About this exercise - Would you reproduce the whole listing exactly, dropping any pictures it holds?

Data -
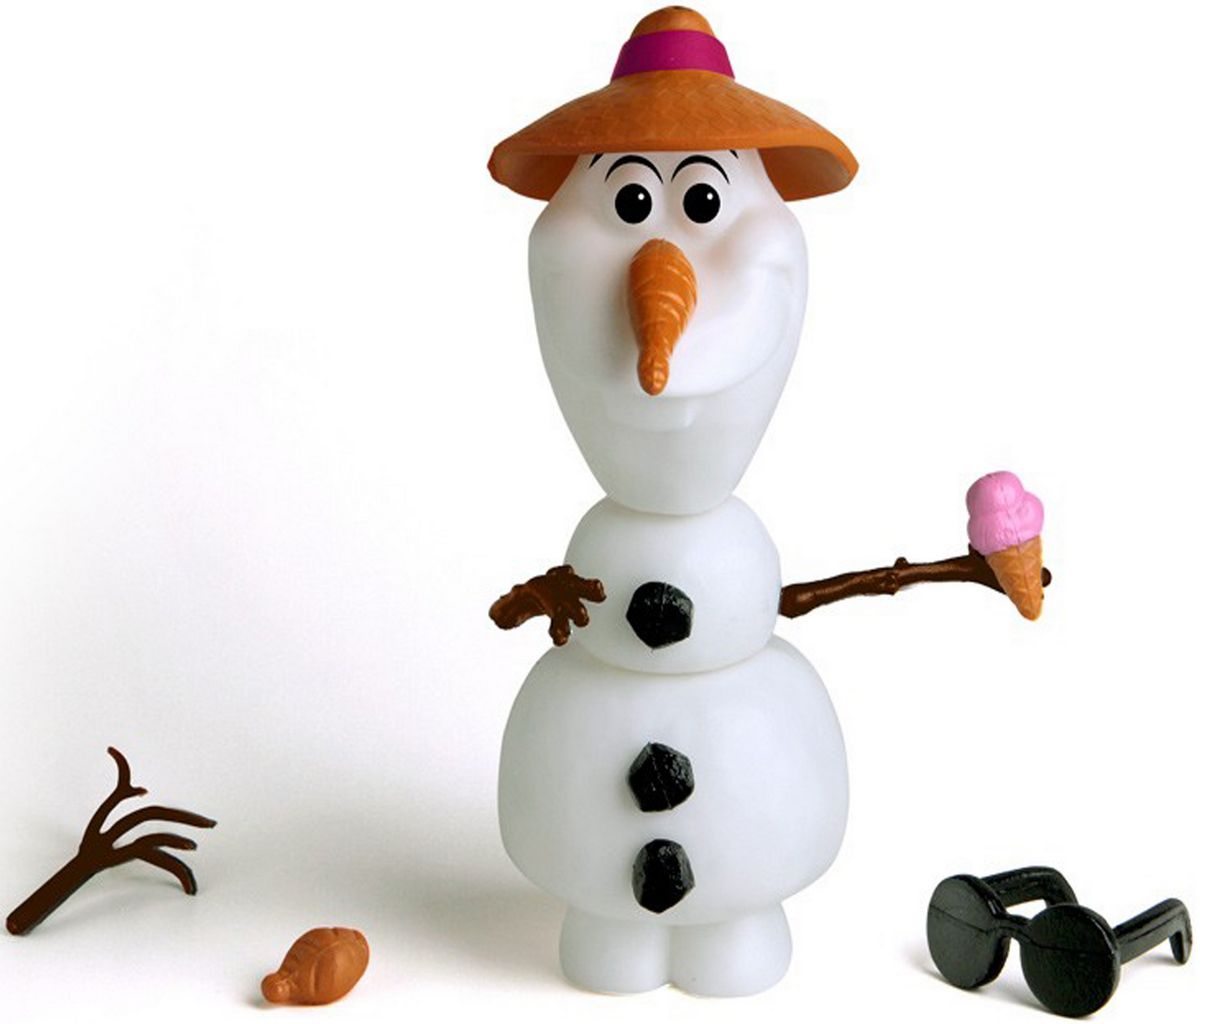 Boneco Olaf 14 Peças Para Montar Desmontar Personalizar Bolhas De Sabão Brinquedo Infantil Menino Menina Frozen Boneco De Neve Disney Elka 
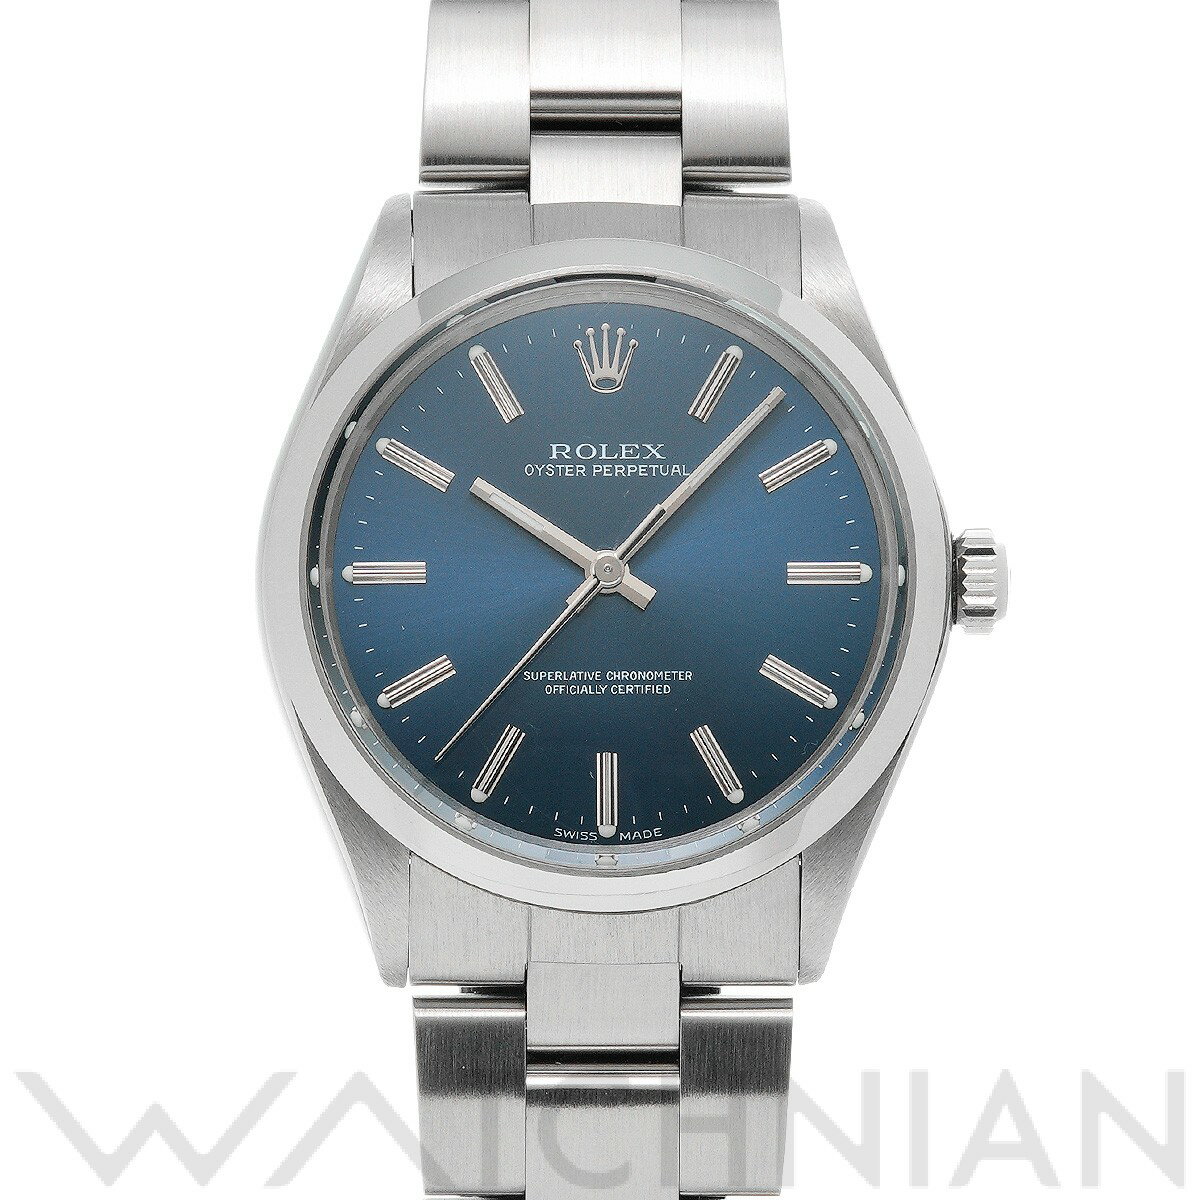 【中古】 ロレックス ROLEX オイスターパーペチュアル 1002 36番台(1974年頃製造) ブルー メンズ 腕時計
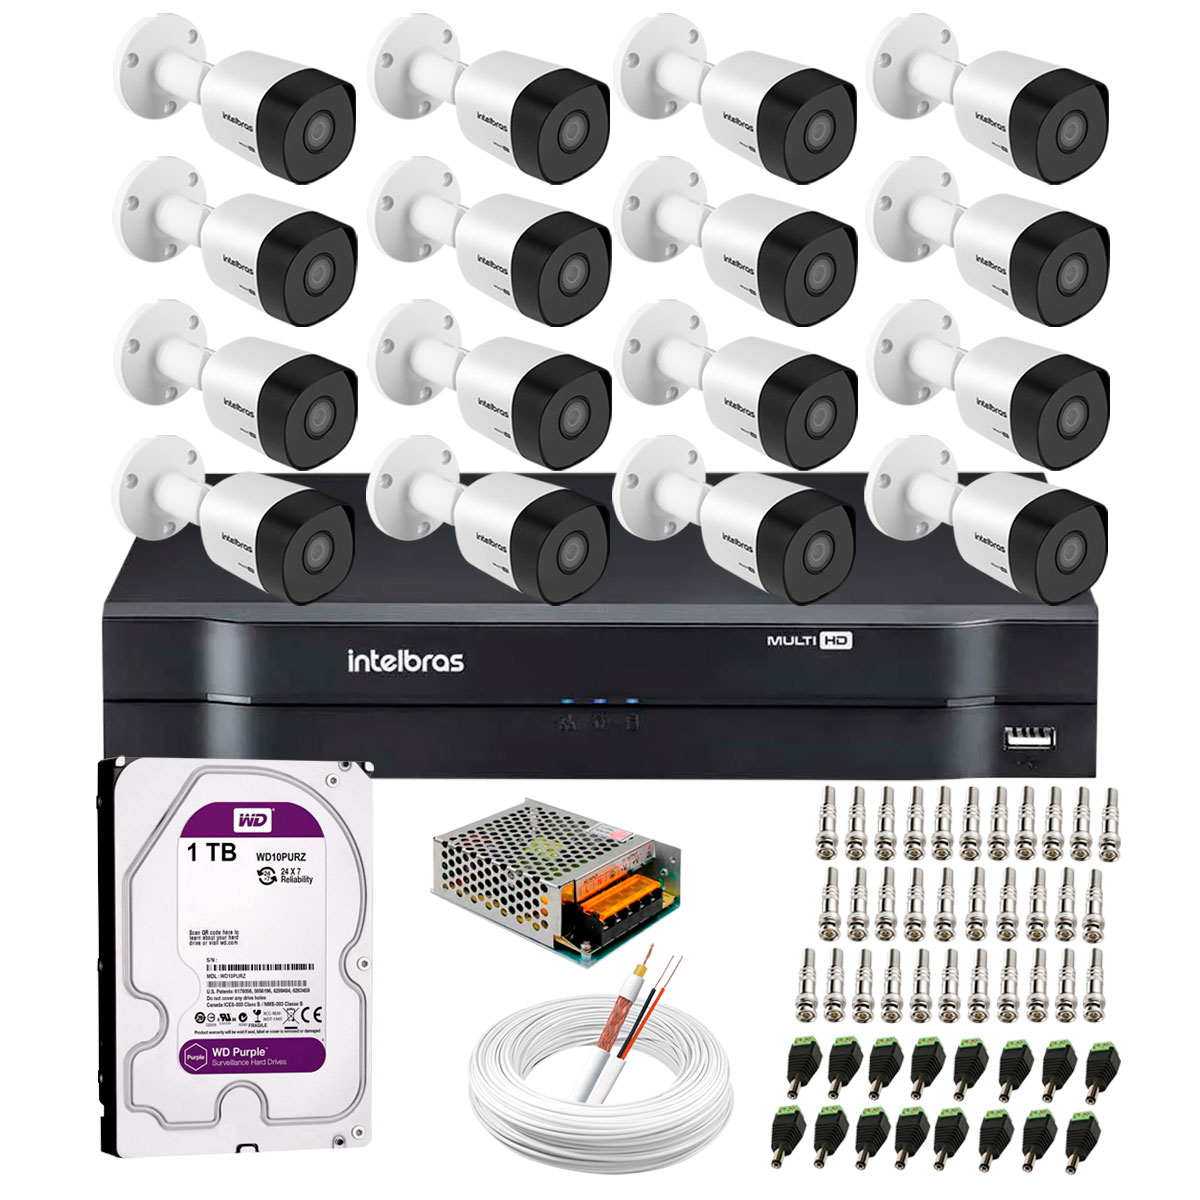 kit-16-cameras-vhd-3130-b-g6-dvr-intelbras-hd-1tb-para-armazenamento-app-gratis-de-monitoramento-cameras-hd-720p-30m-infravermelho-de-visao-noturna-intelbras-fonte-cabos-e-acessorios

Written response -
 Boneco Olaf 14 Peças Para Montar Desmontar Personalizar Bolhas De Sabão Brinquedo Infantil Menino Menina Frozen Boneco De Neve Disney Elka 
 【中古】 ロレックス ROLEX オイスターパーペチュアル 1002 36番台(1974年頃製造) ブルー メンズ 腕時計
 kit-16-cameras-vhd-3130-b-g6-dvr-intelbras-hd-1tb-para-armazenamento-app-gratis-de-monitoramento-cameras-hd-720p-30m-infravermelho-de-visao-noturna-intelbras-fonte-cabos-e-acessorios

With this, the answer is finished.